She walked among the wrack and blue mussel shells and
the foam at the ocean’s edge. Bare of foot, she stepped surely, as
though her toes knew every contour of every stone of the beach,
every cobble and pebble. A hermit crab scuttled out of her
way.
She liked to stroll
the shore after storms, for the ocean tossed up so many interesting
things. Sometimes they were secrets long hidden in darkling depths;
often they were the flotsam and jetsam of far passing ships. Today,
as gulls argued over a crab and an osprey tested its wings in air
currents still restless from the storm, she found a bottle shining
in the foam. She picked it up and discovered the cork still sealed,
the wine safe within. That was a rare gift. Continuing on she found
tangled fishing gear, some battered boards.
Soon she came upon
more debris: wood planking, a barrel bobbing in the shallows.
Perhaps she would be gifted with an entire cask of wine. She
smiled.
A sheet of white
undulating in the waves caught her eye, a sail, and it was snagged.
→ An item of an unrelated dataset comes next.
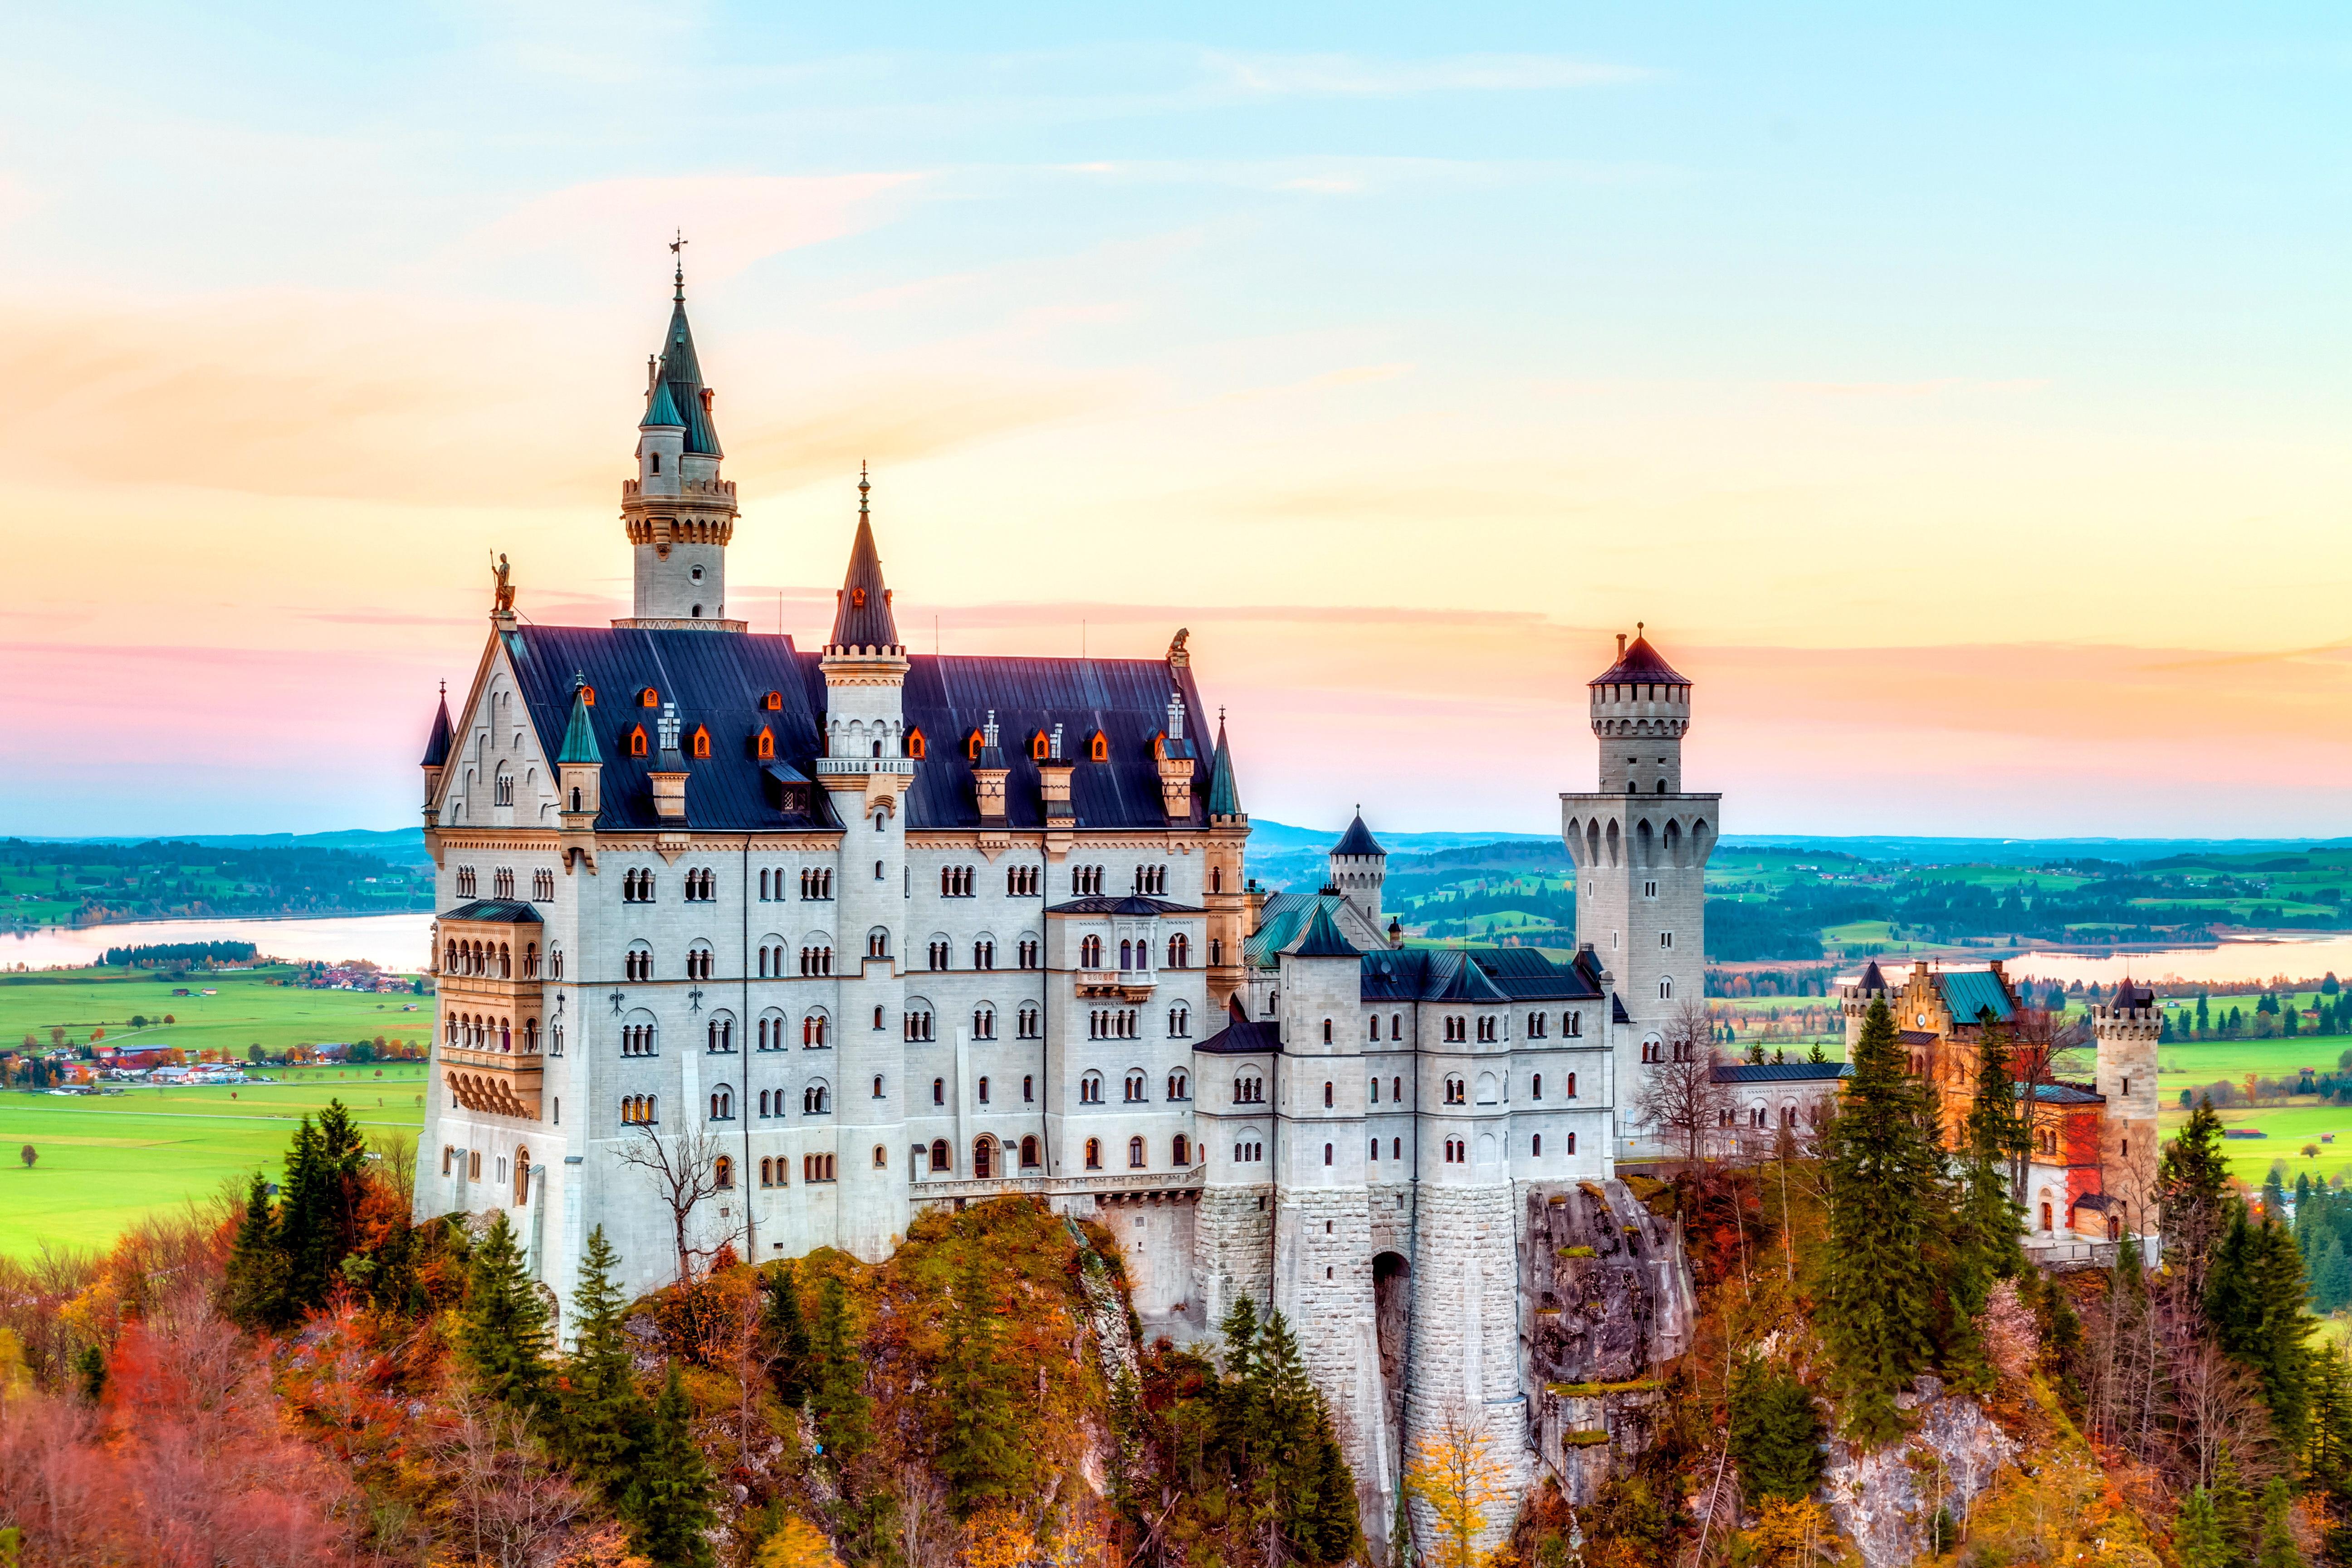 Замок в германии обои на рабочий стол
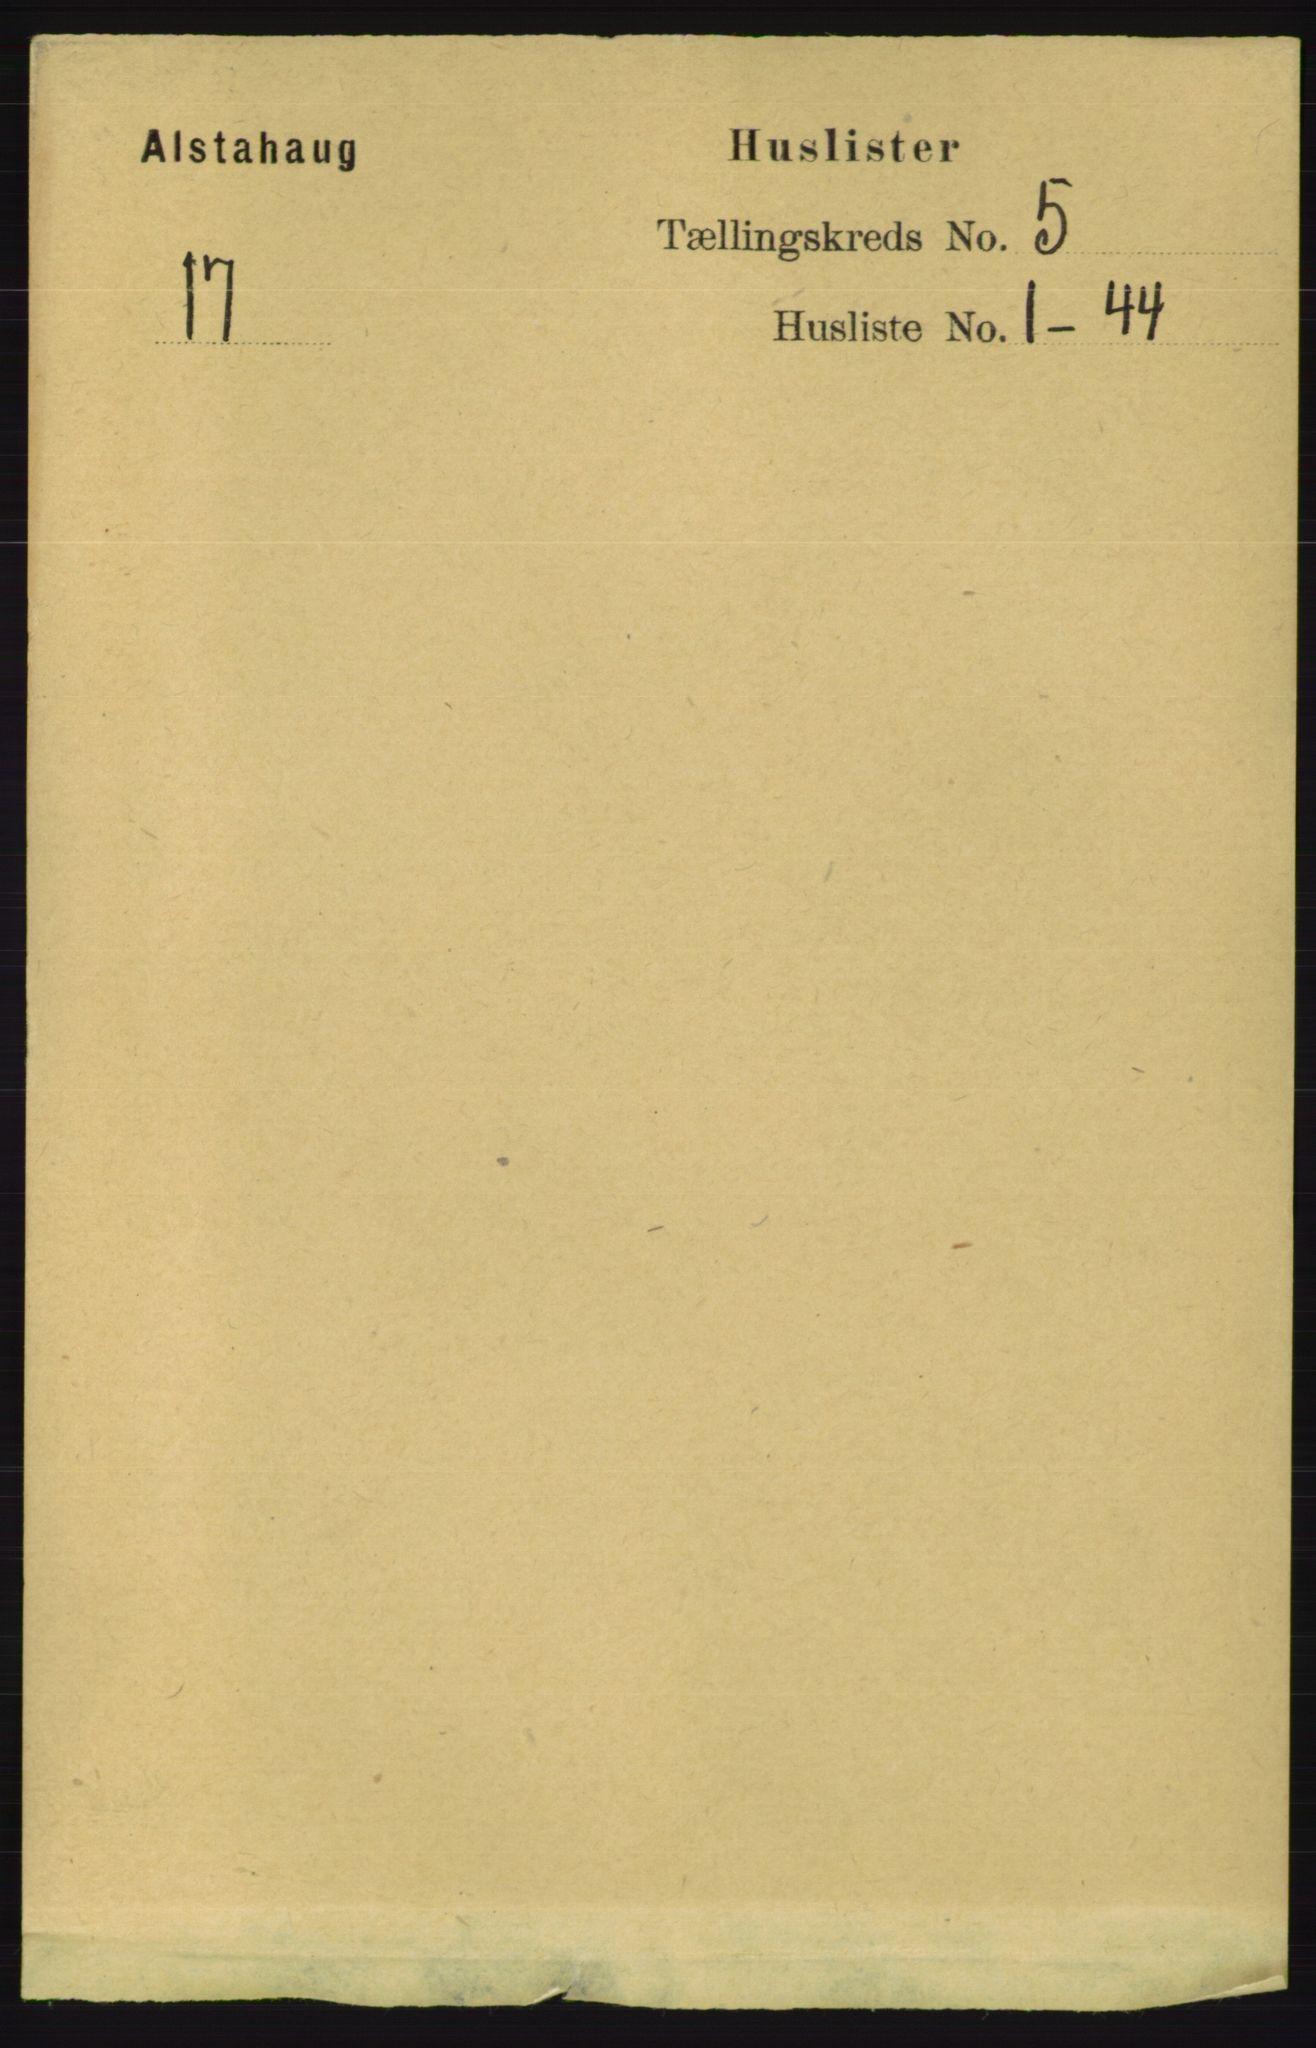 RA, Folketelling 1891 for 1820 Alstahaug herred, 1891, s. 1736

It was snagged around a man. The gods were being very generous to
her this day—if he still lived. She lengthened her strides to reach
him. He lay half out of the water, his head resting on his
outstretched arm, kelp trailing from his wrist. The sun sheened on
wet black hair that straggled across a well-formed face. Much more
handsome than the sailors she usually received.
He still breathed. A
wave stirred his hand in an eddy. The red of a ruby on his finger
flared in her eyes. She dropped to her knees and grabbed his hand
to see the ring close up. She knew it, had known the ring before
and the hand that had worn it, the hand that had caressed her so
tenderly, so lovingly, so long ago. She stroked the man’s hair away
from his face.
“Are you he?”
Yolandhe, sea witch out of legend, asked. “Have you come back to
me, my love?”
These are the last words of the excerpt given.